Those words, with their partner,but I’m not, fog my vision. I don’t look at Santino. I can’t. It’s just me and the concrete between my sandals, where a star of darkness has appeared from a drop of water that fell from his body, or a teardrop that fell from mine.
“I thought,” I continue, but the lump in my throat stops me for a moment. “I thought I didn’t fit in here. I thought you came and dragged me to a place I didn’t belong. Backwards. I thought—” I had to swallow hard again, and another two dark stars joined the first between my feet. “I thought I was better than this life and better than you. I’m sorry if that hurts your feelings but not really.”
He gathers my hands in his as if he is gathering risen dough; gently, but with conviction.
“My feelings aren’t hurt.”
“I never had a chance,” I say. “This is who I was from the start. Everything else was fake. I was acting and I didn’t even know it.”
“Forzetta.” He takes my chin and turns my face up to him, but I can’t look into his eyes right now. I’ve somehow gone from a little violet toForzetta, but I feel neither delicate and beautiful nor powerful for my size.
“You know what this means?” I ask, still turned away, facing a fichus in a pot that I have no interest in.
“No.” I can tell he has some ideas what I mean, but none of them are correct, because he had me dead to rights from the beginning.

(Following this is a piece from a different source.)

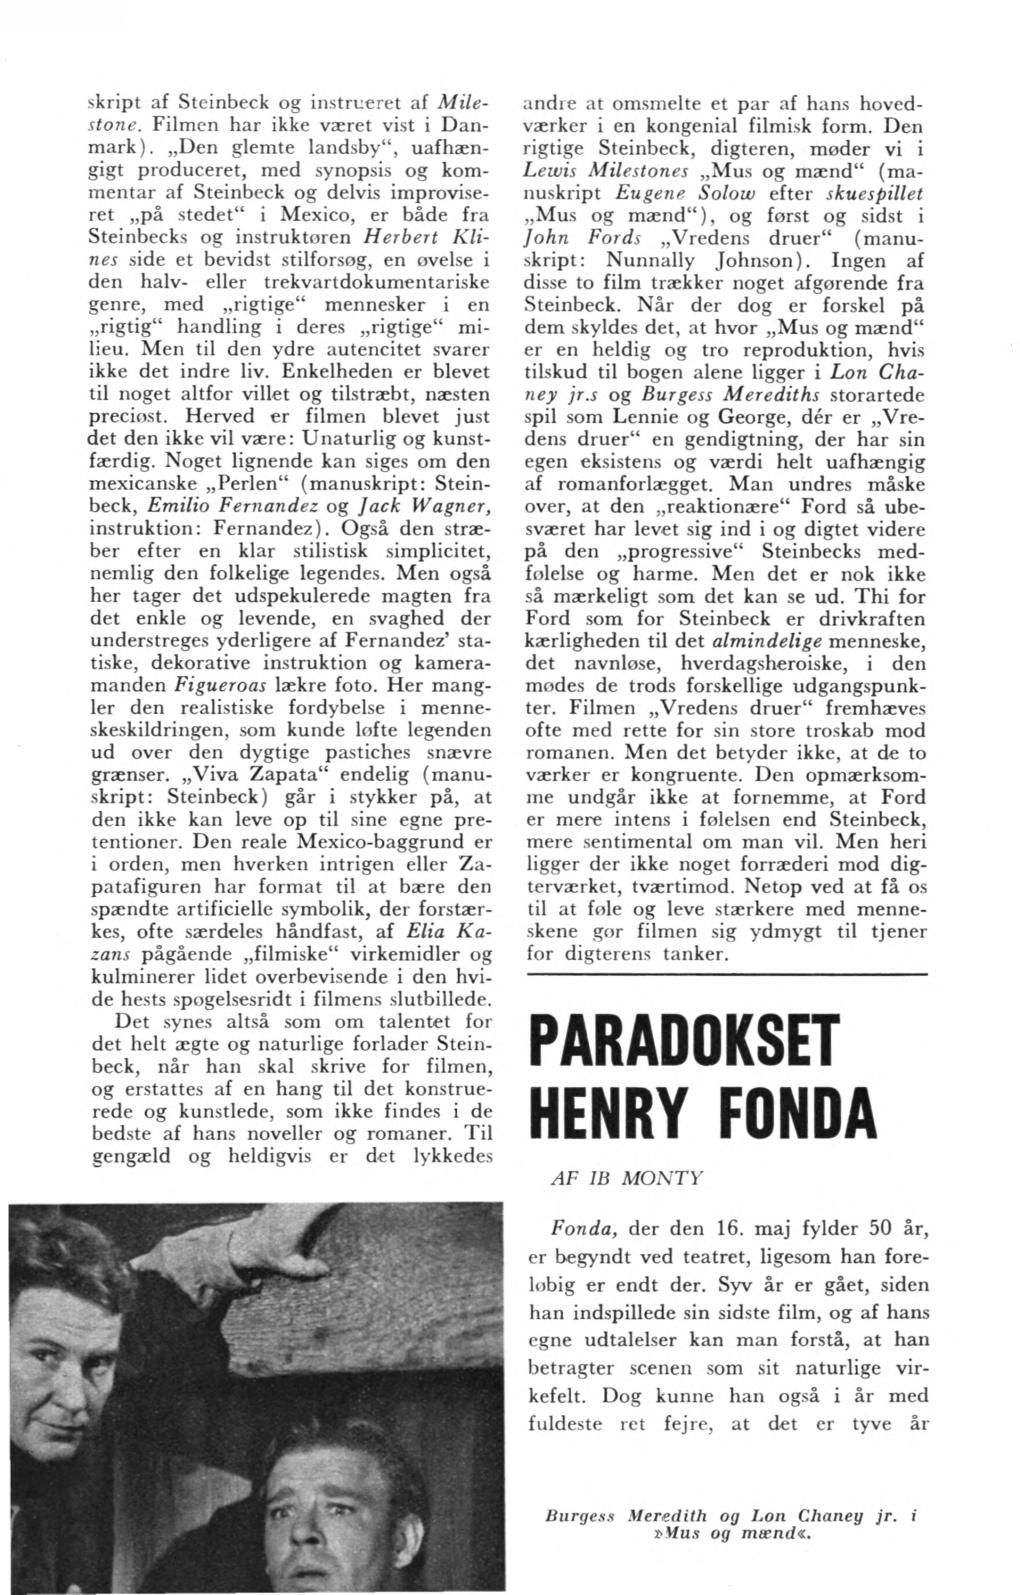 Paradokset Henry Fonda

“This means I can’t fight it.”
He lets his hand drop, but the rest of him is still. In the pause I hear his thoughts in my head and snap my attention back to him.
“You want to say I shouldn’t have ever fought it,” I snarl.
“No.”
“Then you want to say it’s Zia’s fault for raising me this way. Or America. Or you want to say it doesn’t matter as long as I accept it, right?”
“What I want to say”—he stands, and my eyes follow his as if they’re on a leash—“is that I’ll miss the fight.”
Sure he would. Resistance keeps it exciting. I thought I was better than my situation, and he knew it. He used it to control me, without letting on where the control was coming from. What’s more entertaining than a puppet that thinks it’s a real girl?
But he doesn’t seem self-satisfied. He seems ashamed, and that isn’t as rewarding as I assumed it would be.
“Do you think he would have told me?” I ask. “My father?
“Told you what?”
“That he’d promised me to you?”
“È complicato.”
Of course he says it’s complicated, because he thinks I can’t handle it.
“Ciò che non è, Santino?”
What isn’t, Santino?
He huffs a little laugh that’s more frustration than delight.
“Italian language isn’t,” he says. “Cosa non lo è, Violetta. The ‘what’ is an idea. Not a thing. You saycosa non lo è.”
“Is the ‘what’ in ‘whatever’ a thing or an idea?”
He drops into a chair, leans back, and lays an ankle on a knee, because after all my tears and questions, he’s made a decision, and that’s what counts.
“You will learn to speak.”
Of course I could talk just fine, but when someone from the old country says speak at the end of a sentence, they mean speak Italian, as if they were dropping an unnecessary word. If one speaks, they speak our language. Otherwise, they’re just talking.
And despite the realization that I am now—and always have been—steeped in his world, I still feel as if I’m being dragged into it.